Awards and highlights
- Second-team All-PCC (1952);

Career NFL statistics
- Receptions: 10
- Receiving yards: 133
- Punts: 55
- Punting yards: 2,161
- Average punt: 39.3
- Stats at Pro Football Reference

= Monte Brethauer =

American football player (1931–1994)

Monte Leon Brethauer (April 8, 1931 – October 14, 1994) was an American professional football player who was an end, defensive back and punter who played in the National Football League (NFL). He played college football for the Oregon Ducks.

==Early life==
Brethauer was born to Volga German parents and grew up in Portland, Oregon.
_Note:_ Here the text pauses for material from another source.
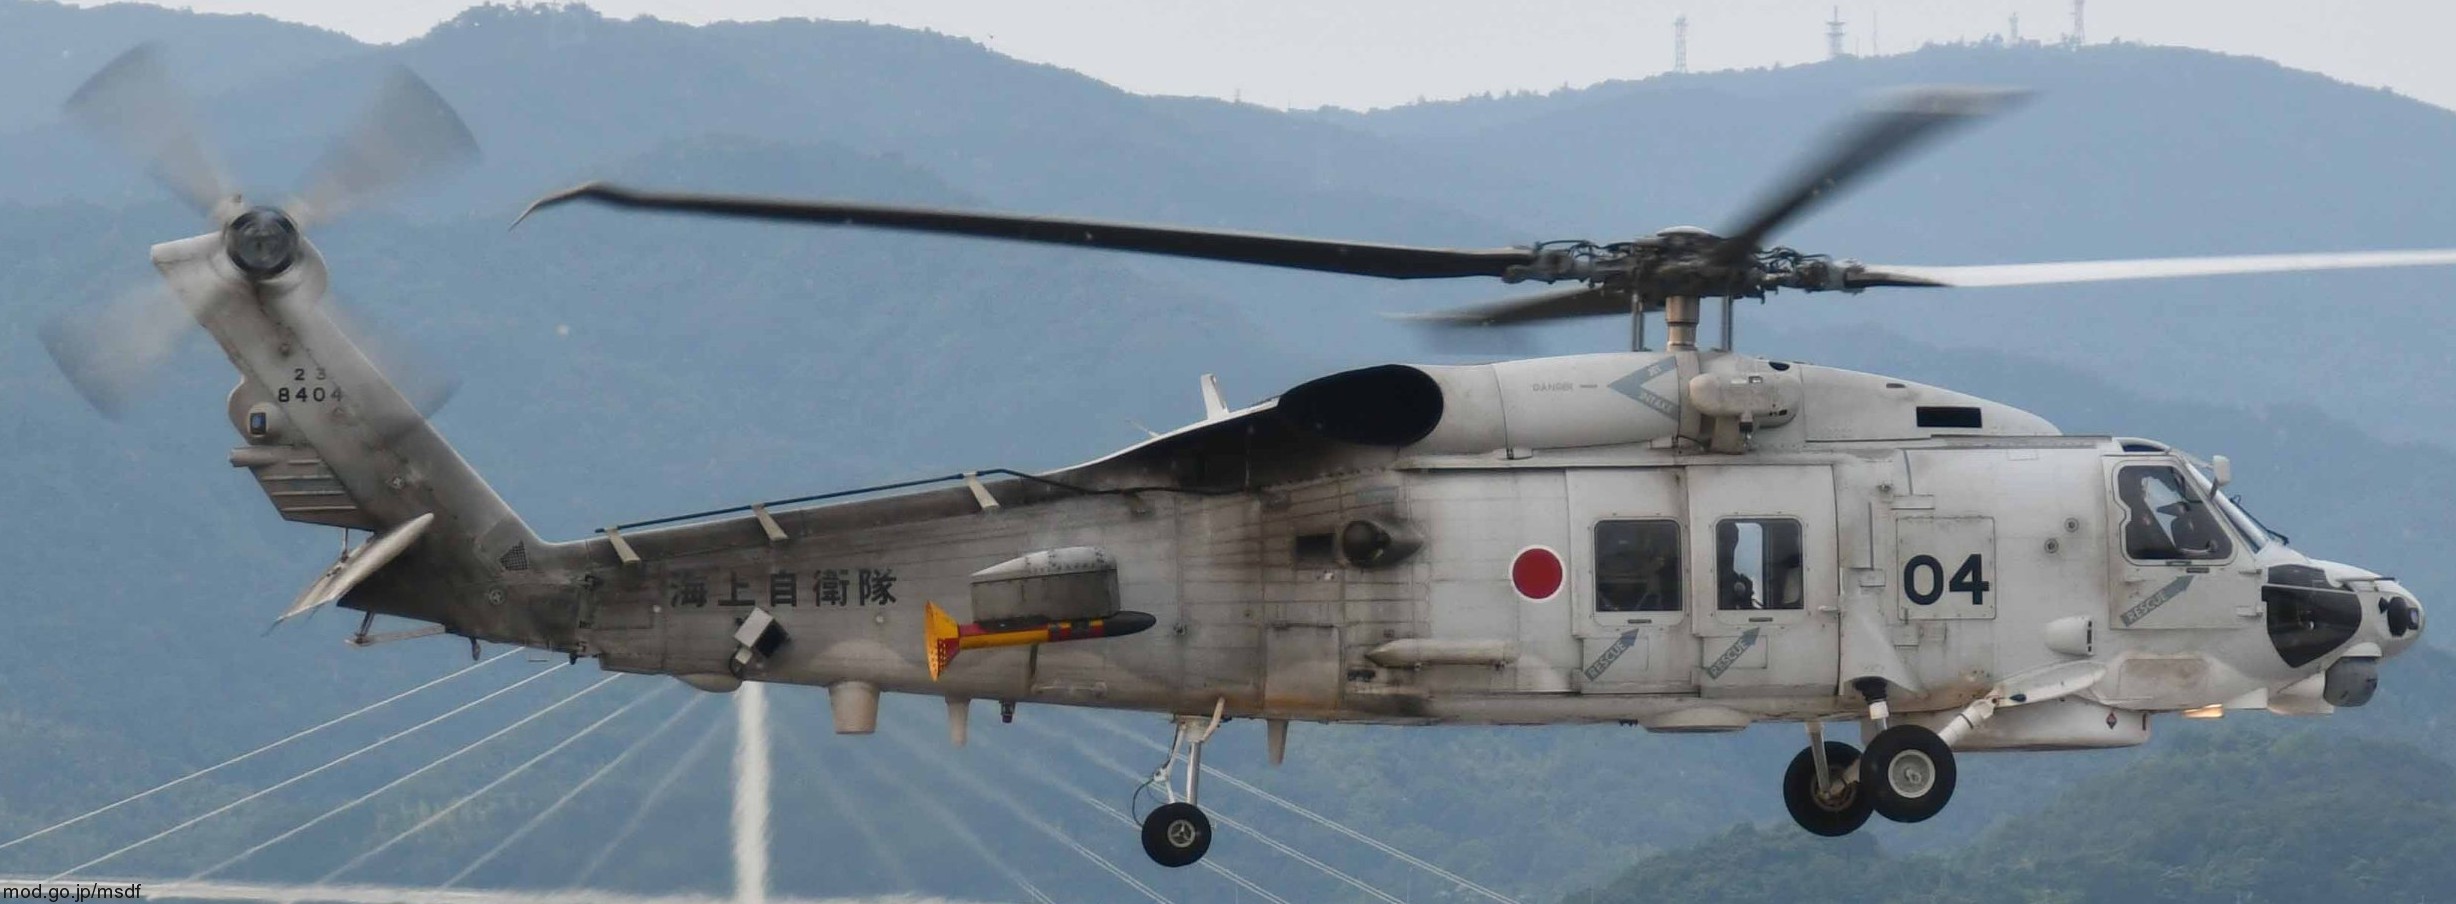 mitsubishi sh-60k helicopter anti submarine japan maritime self defense force jmsdf navy seahawk 8404 02

He attended Jefferson High School, where he was named first-team All-Portland Interscholastic League twice in football.

==College career==
Brethauer was a three year starter for the Oregon Ducks at end. He led the team in receiving and set a school record in catches all three years. Brethauer finished as the Ducks' career receptions leader with 101 catches. As a senior, he caught 41 passes for 486 yards and two touchdowns and was named second-team All-Pacific Coast Conference.

==Professional career==
Brethauer was selected 279th overall in the 24th round of the 1953 NFL draft by the Baltimore Colts. He caught 10 passes for 133 yards on offense and intercepted a pass on defense as a rookie during the Colts' inaugural season. Brethauer was drafted into the Army after the season and missed 1954 and was re-signed by the Colts after being discharged in 1955. Brethauer was waived during training camp in 1956.